▶ _ASSIGNED TASK_: When you reach the line that contains "cas relax kompressziós", please begin copying, and carry on exactly to the last line of the material, leaving out every picture.

▶ _DATA EXCERPT_:
Content starts
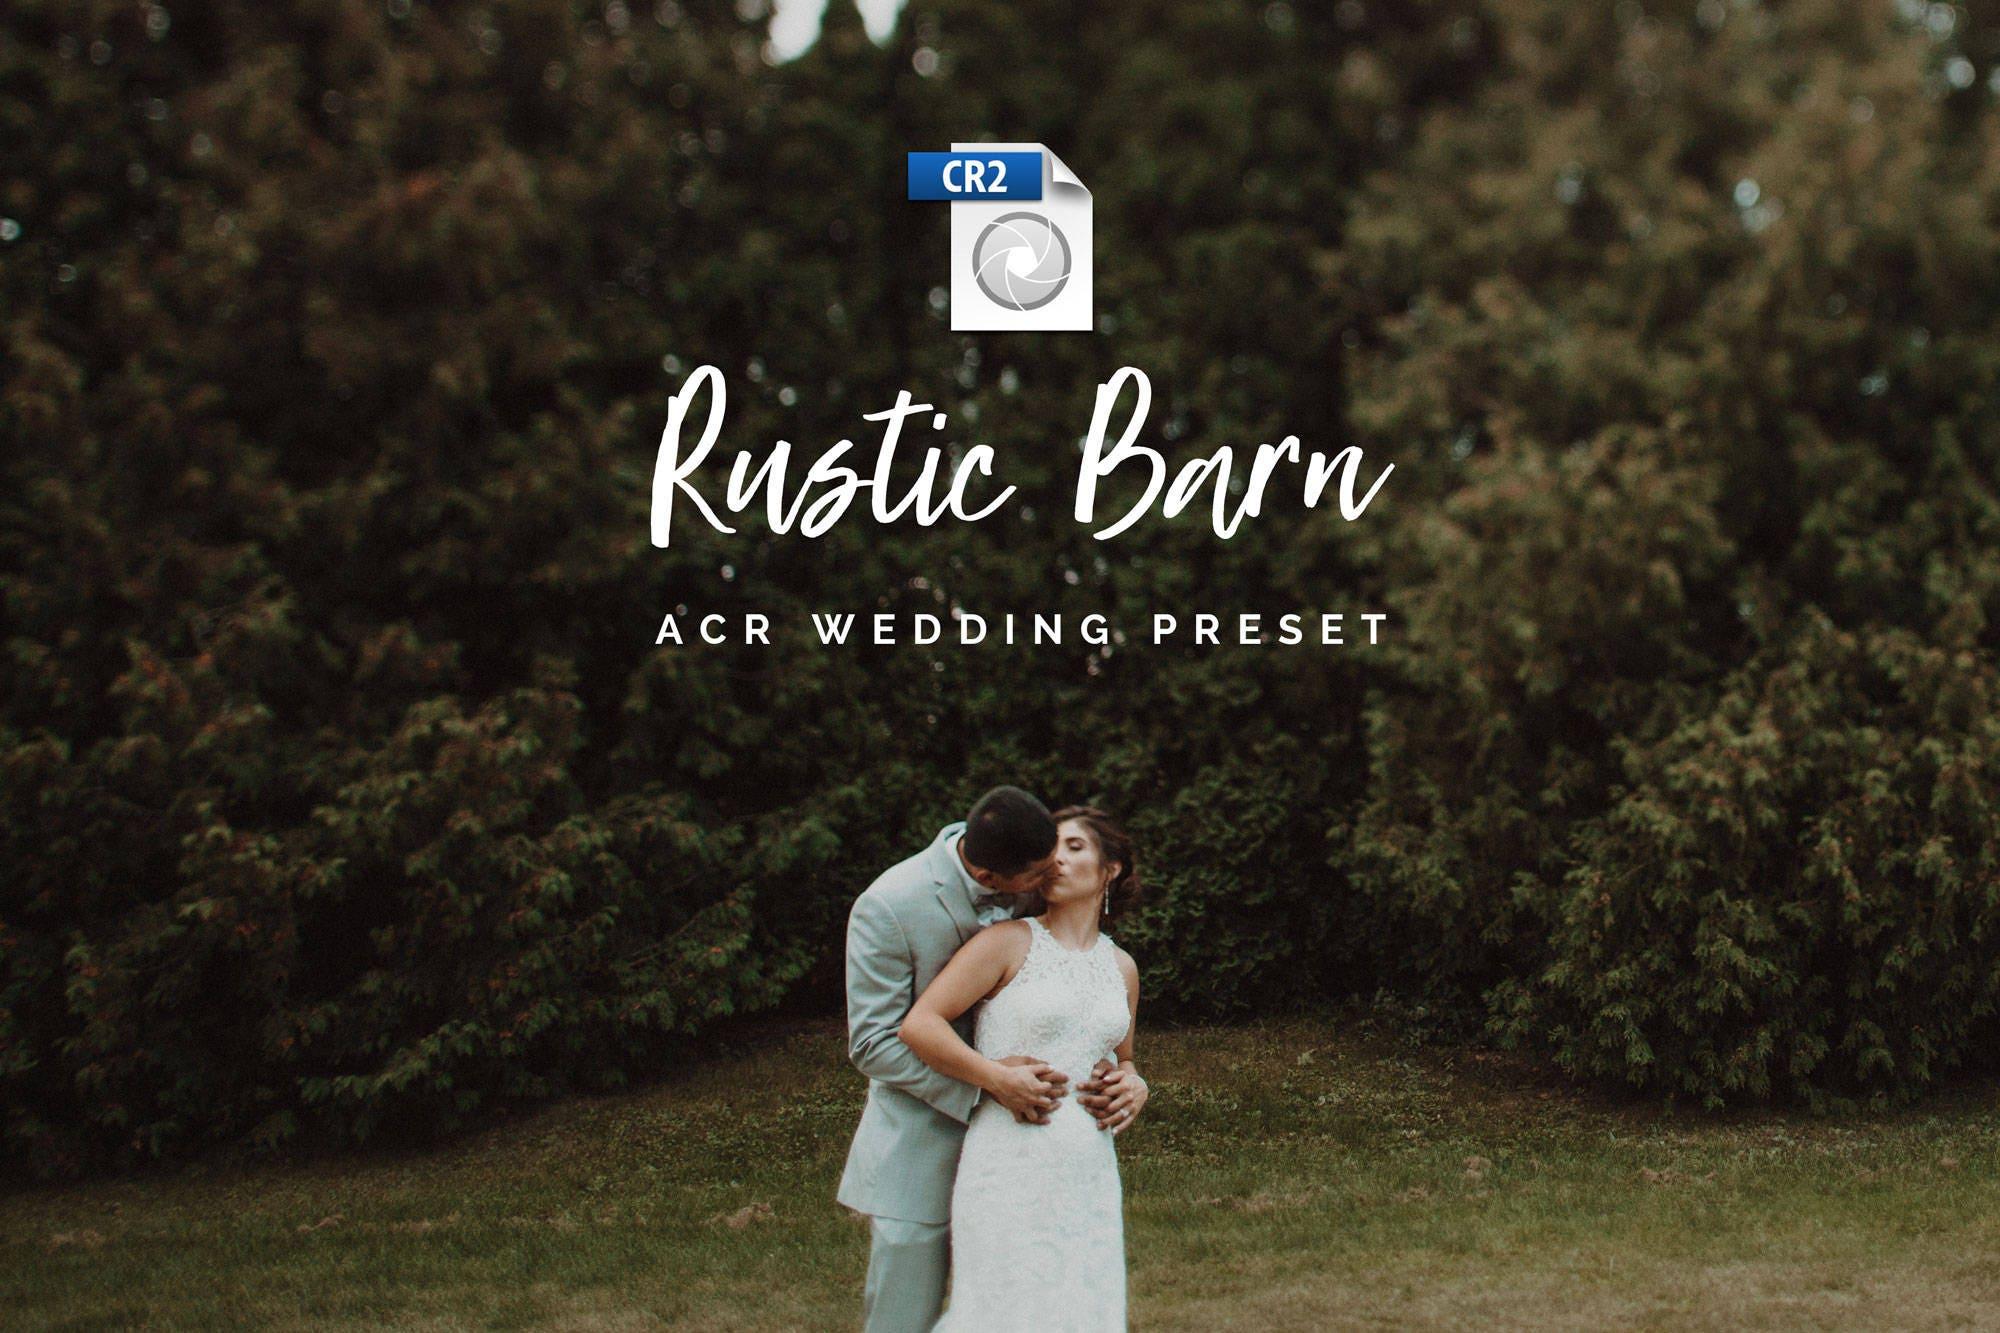 Moody Tones Wedding Adobe Camera Raw Preset, Photoshop Preset, Dark Film  Style, Rustic Film Preset
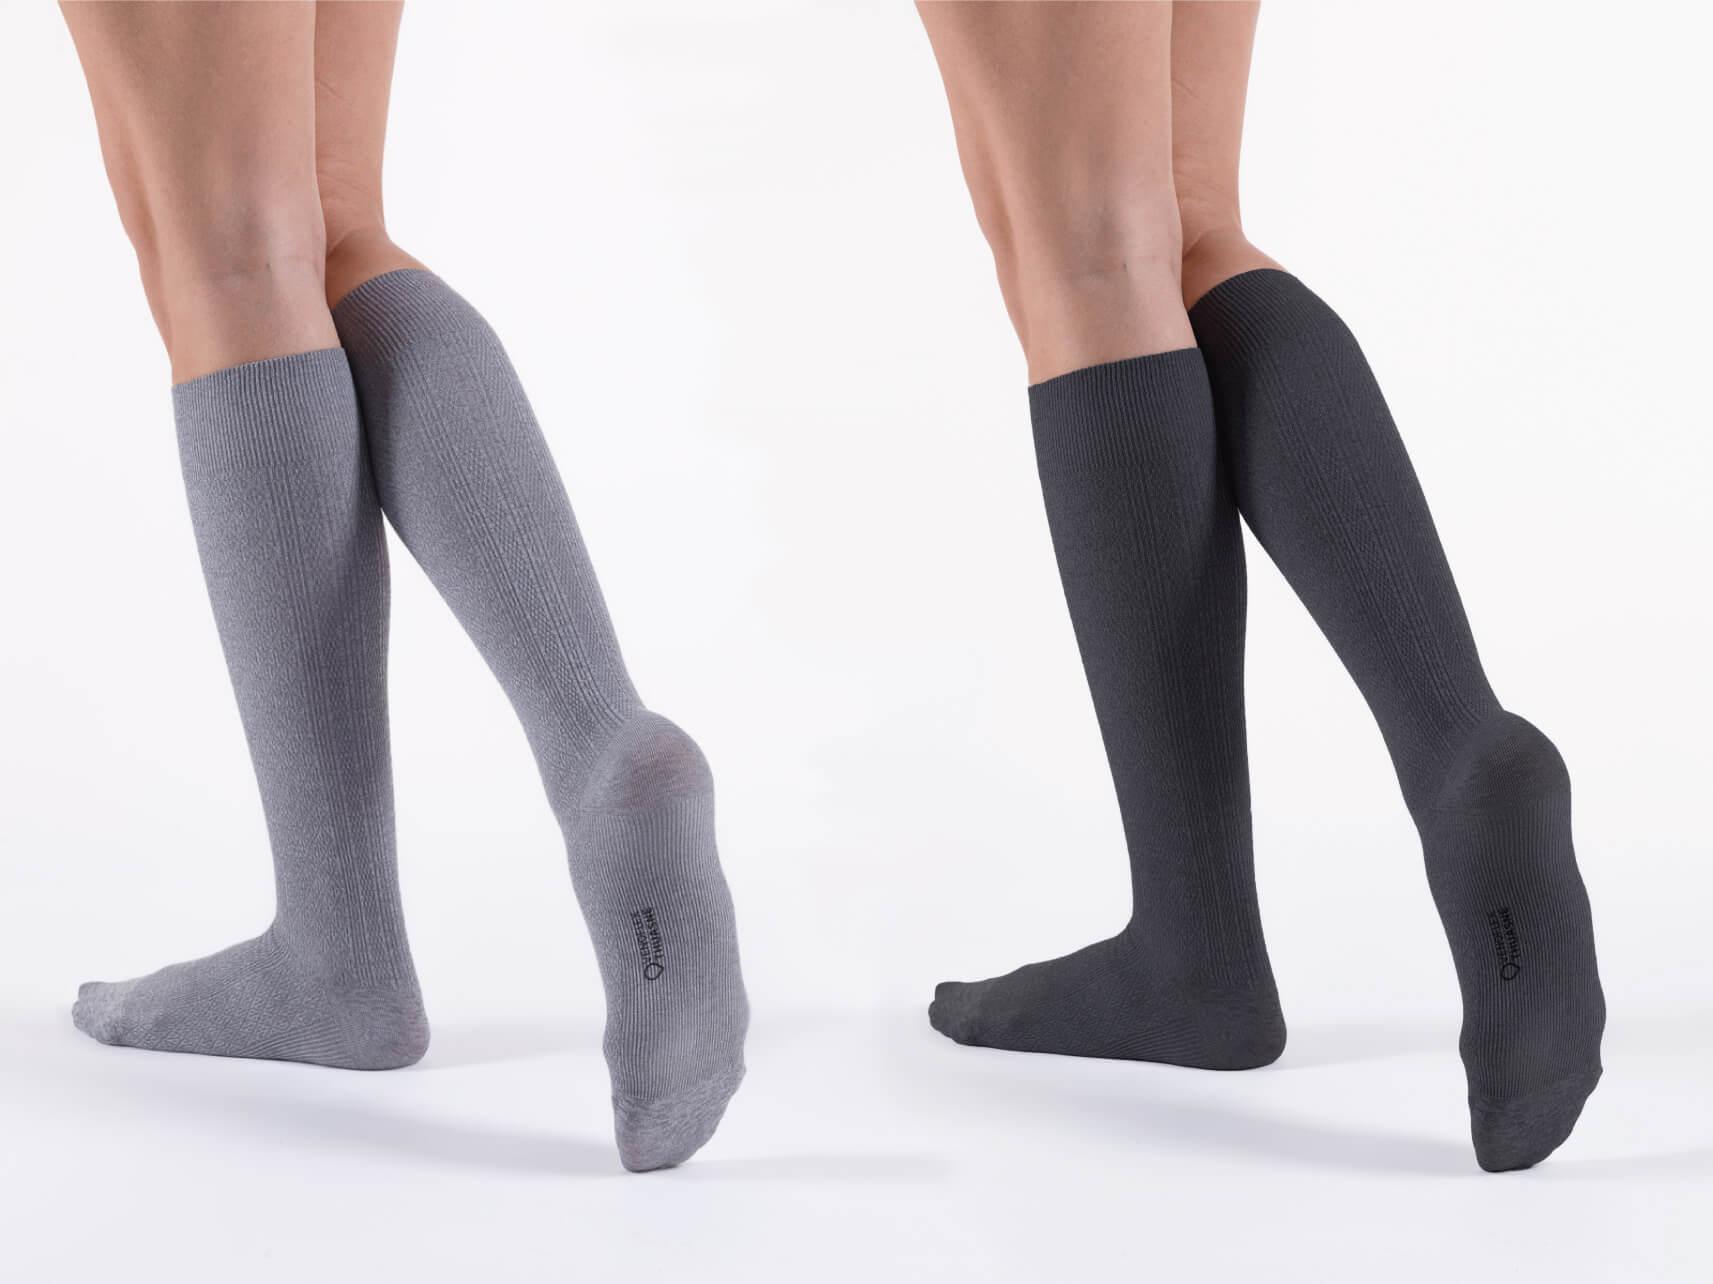 cas relax kompressziós térd zokni - pozitivemberek.hu
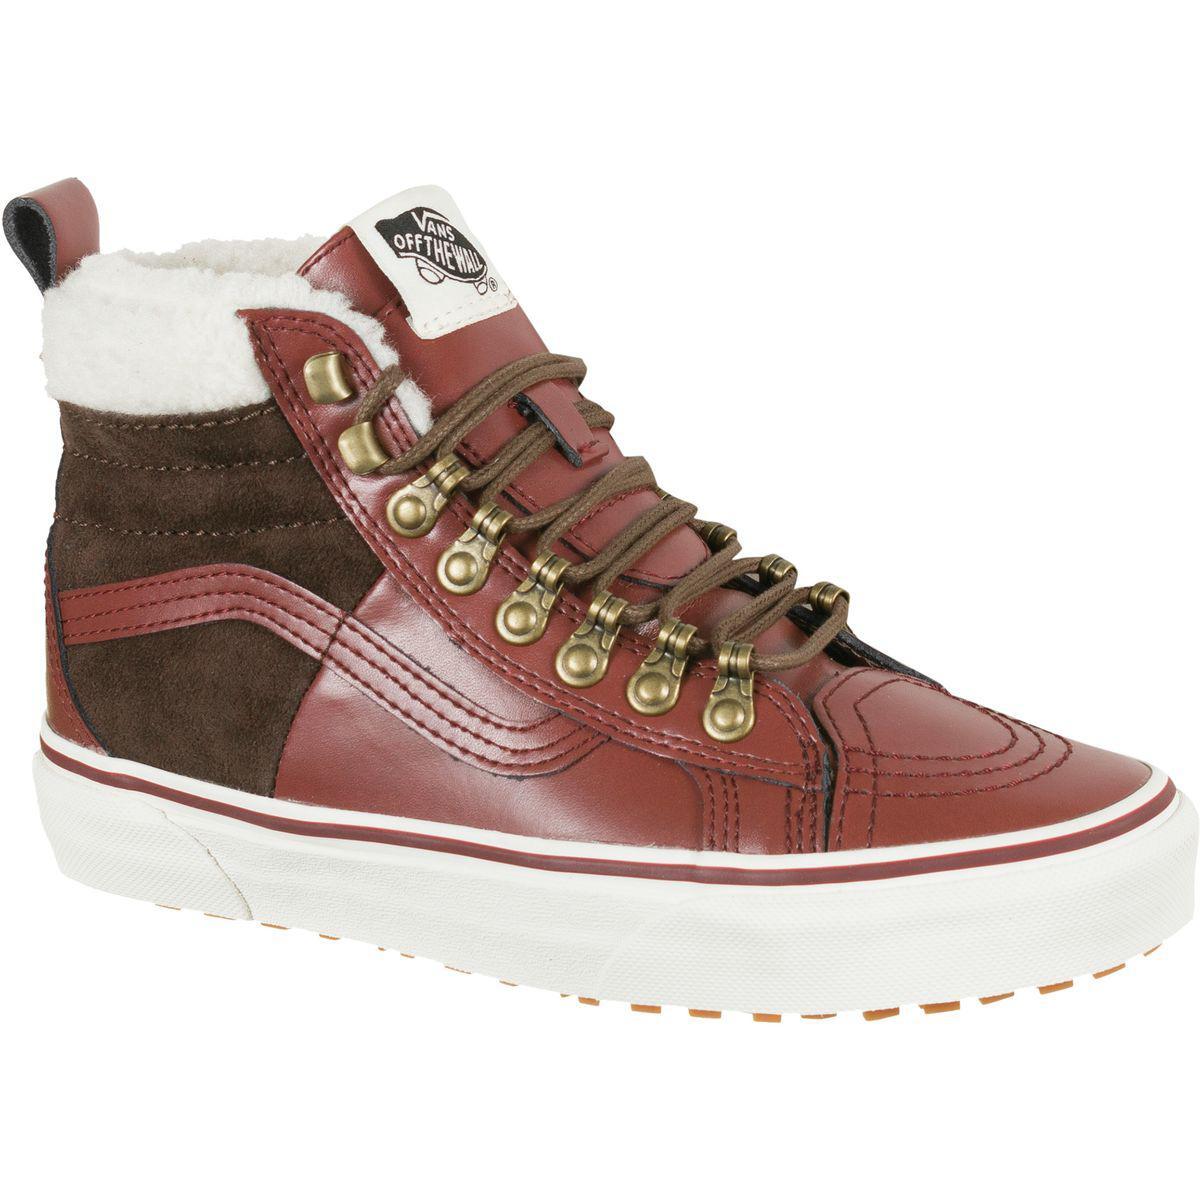 8e3820fd1723fa Lyst - Vans U Sk8-hi 46 Mte Dx Boot in Brown
Content ends
▶ _ANSWER TO THE EXERCISE_:
 cas relax kompressziós térd zokni - pozitivemberek.hu
 8e3820fd1723fa Lyst - Vans U Sk8-hi 46 Mte Dx Boot in Brown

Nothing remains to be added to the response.